The war on coal is not just political rhetoric, or a paranoid fantasy concocted by rapacious polluters. It’s real and it’s relentless. Over the past five years, it has killed a coal-fired power plant every 10 days. It has quietly transformed the U.S. electric grid and the global climate debate.

The industry and its supporters use “war on coal” as shorthand for a ferocious assault by a hostile White House, but the real war on coal is not primarily an Obama war, or even a Washington war. It’s a guerrilla war. The front lines are not at the Environmental Protection Agency or the Supreme Court. If you want to see how the fossil fuel that once powered most of the country is being battered by enemy forces, you have to watch state and local hearings where utility commissions and other obscure governing bodies debate individual coal plants. You probably won’t find much drama.
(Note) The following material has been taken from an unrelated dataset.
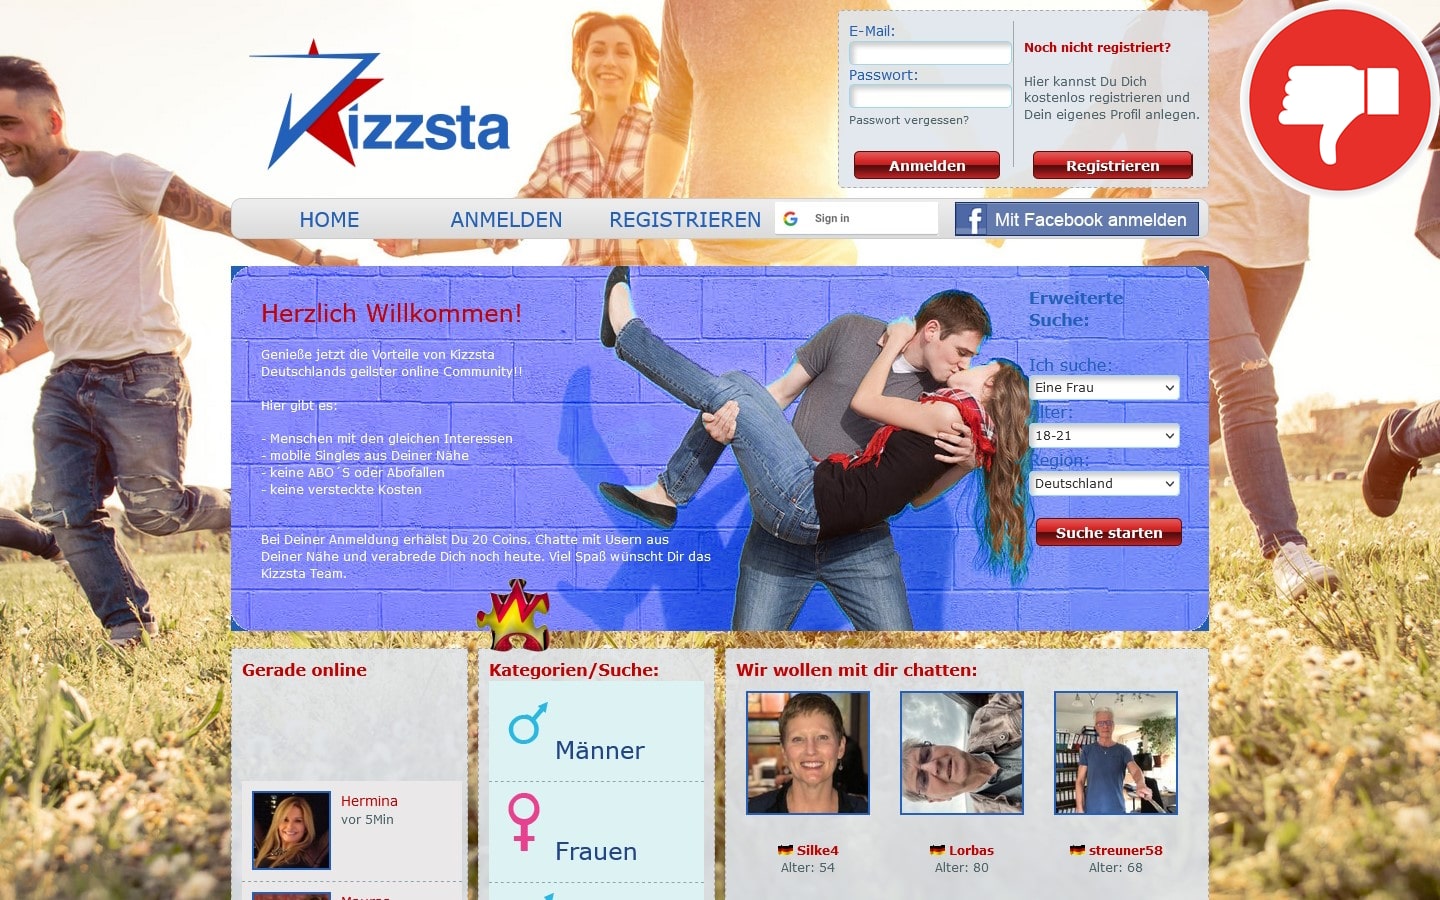 Testbericht Kizzsta.de Abzocke

You’ll definitely find lawyers from the Sierra Club’s Beyond Coal campaign, the boots on the ground in the war on coal.

Beyond Coal is the most extensive, expensive and effective campaign in the Club’s 123-year history, and maybe the history of the environmental movement. It’s gone largely unnoticed amid the furor over the Keystone pipeline and President Barack Obama’s efforts to regulate carbon, but it’s helped retire more than one third of America’s coal plants since its launch in 2010, one dull hearing at a time. With a vast war chest donated by Michael Bloomberg, unlikely allies from the business world, and a strategy that relies more on economics than ecology, its team of nearly 200 litigators and organizers has won battles in the Midwestern and Appalachian coal belts, in the reddest of red states, in almost every state that burns coal.

“They’re sophisticated, they’re very active, and they’re better funded than we are,” says Mike Duncan, a former Republican National Committee chairman who now heads the industry-backed American Coalition for Clean Coal Electricity. “I don’t like what they’re doing; we’re losing a lot of coal in this country. But they do show up.”

1/3rd of our coal dead in 5 years!
GAH!

I'd link some more, but it is mostly a few thousands words of chronicling "victory" after "victory". :sad:
 
1/3rd of our coal dead in 5 years!
GAH!

I'd link some more, but it is mostly a few thousands words of chronicling "victory" after "victory". :sad:


Why do you think that's bad? There's nothing bad about it all. It's all in the best interest of everyone except the coal industry itself.